Taking the negative of the preceding equation, we can get the result in Equation (14).

Assuming the Reconstruction Network outputs a normalized \(\hat{\boldsymbol {x}}_i\) (probability), then the firstterm in Equation (14) is

\begin{equation*} \log {p(\boldsymbol {x}_i | \boldsymbol {\theta }_i^{(s)})} = \sum _{v = 1}^{V}{x_{iv}\log {\hat{x}_{iv}}}. \end{equation*}

All of the distributions in the last two terms (i.e., \(q_\Phi (\boldsymbol {\theta }_i | \boldsymbol {x}_i, \boldsymbol {\alpha }_i^{(s)})\), \(p(\boldsymbol {\theta }_i|\boldsymbol {\alpha }_i^{(s)})\), \(q_\Phi (\boldsymbol {\alpha }_i|\boldsymbol {x}_i)\), and \(p(\boldsymbol {\alpha }_i)\)) are log-normal distributions. For two K-dimensional log-normal distributions \(p \sim LN(\mu _p, \Sigma _p)\) and \(q \sim LN(\mu _q, \Sigma _q)\), their KL divergence \(KL(q||p)\) has an analytical result:

\begin{equation*} KL(q||p) = \frac{1}{2}\left(tr\left(\Sigma _p^{-1}\Sigma _q\right) + (\mu _q - \mu _p)^{T}\Sigma _p^{-1}(\mu _q - \mu _p) - K + \log {\frac{|\Sigma _p|}{|\Sigma _q|}}\right). \end{equation*}

Applying this result to the last two terms in Equation (14), we can get the topic modeling task loss \(l_{t}\).

The technical details (i.e., neural network setting details) of the topic modeling task including the Inference Network and the Reconstruction Network are shown in Figures 11 and 12 in Appendix A.

Fig. 7.

Fig. 8.

Fig. 9.

Fig. 10.

4.2 Few-Shot Classification Task

Using the Inference Network as an encoder, we can then integrate its outputs, which are the topic distributions of different items, into few-shot classification tasks that can handle the tag-centered cold-start problem.

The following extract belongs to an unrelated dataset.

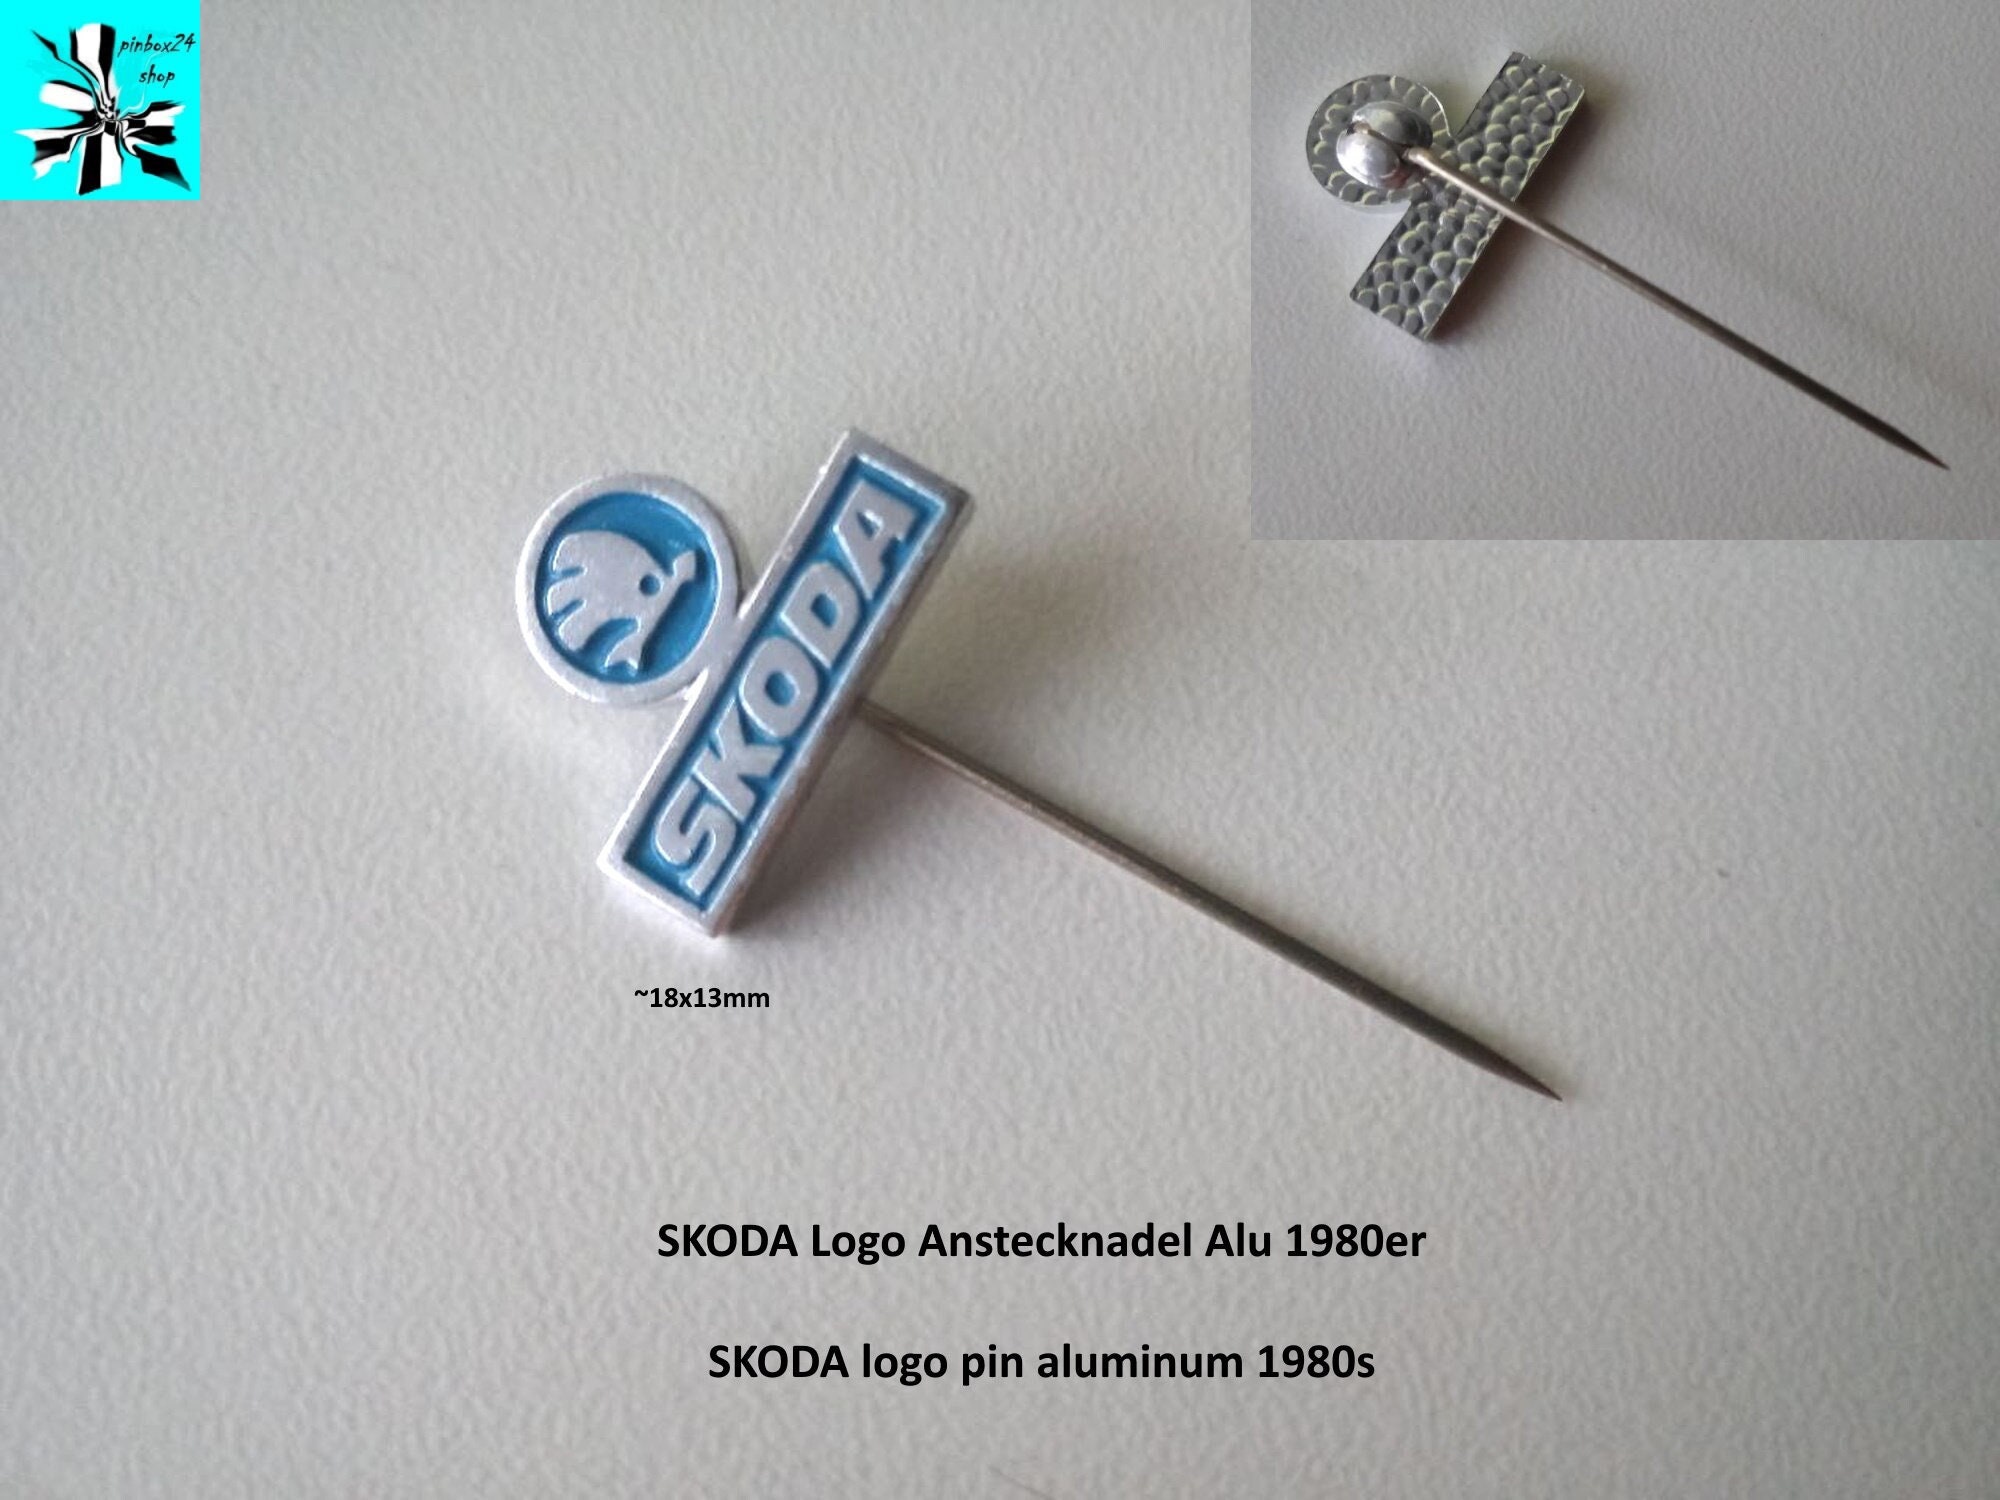 Skoda Karoq/Kodiaq aufgerüstet, 3D gedruckter Getränkehalter Skoda Zubehör,  Autozubehör, Skoda, Organiser, Aufgerüstet, -  Österreich

The few-shot classification task determines whether a new tag should be assigned to a specific item based on the similarity of the inferred topic distributions. The higher the similarity metric, the more probable the item should be assigned with the new tag.

For a support set \(\boldsymbol {\mathcal {S}}_T\) of a tag T, we evaluate the topic distribution \(\boldsymbol {\theta }_T\) of the tag by feeding feature vector \(\boldsymbol {x}_i\) of each item in the support set into the Inference Network and then take the average. Human beings are assumed to generalize an abstract concept from several samples by taking the average of each item in an abstract feature space [76], and it is also a common practice to calculate the concept representations [78]. Similarly, for each item \(q \in \boldsymbol {\mathcal {Q}}_{T}\), we get its topic distribution \(q \in \boldsymbol {\mathcal {Q}}_{T}\) by feeding its feature vector \({x}_q\) into the inference network. We then compare the similarity between the topic distribution of the tag \(\boldsymbol {\theta }_T\) and that of each query item \(\boldsymbol {\theta }_q\). Formally, given \(\boldsymbol {\theta }_T\) and \(\boldsymbol {\theta }_q\), their matching score is defined as

\begin{equation} y_{q}^{(T)}= \boldsymbol {\theta }_T \cdot \boldsymbol {\theta }^{\prime }_q. \end{equation}

(15)

Then for each tag T in \(\boldsymbol {T}_{test}\), a list of sorted items is presented based on the value of matching score \(y_{q}^{(T)}\), where the top items can be recognized as the items that should be annotated with the new tag T.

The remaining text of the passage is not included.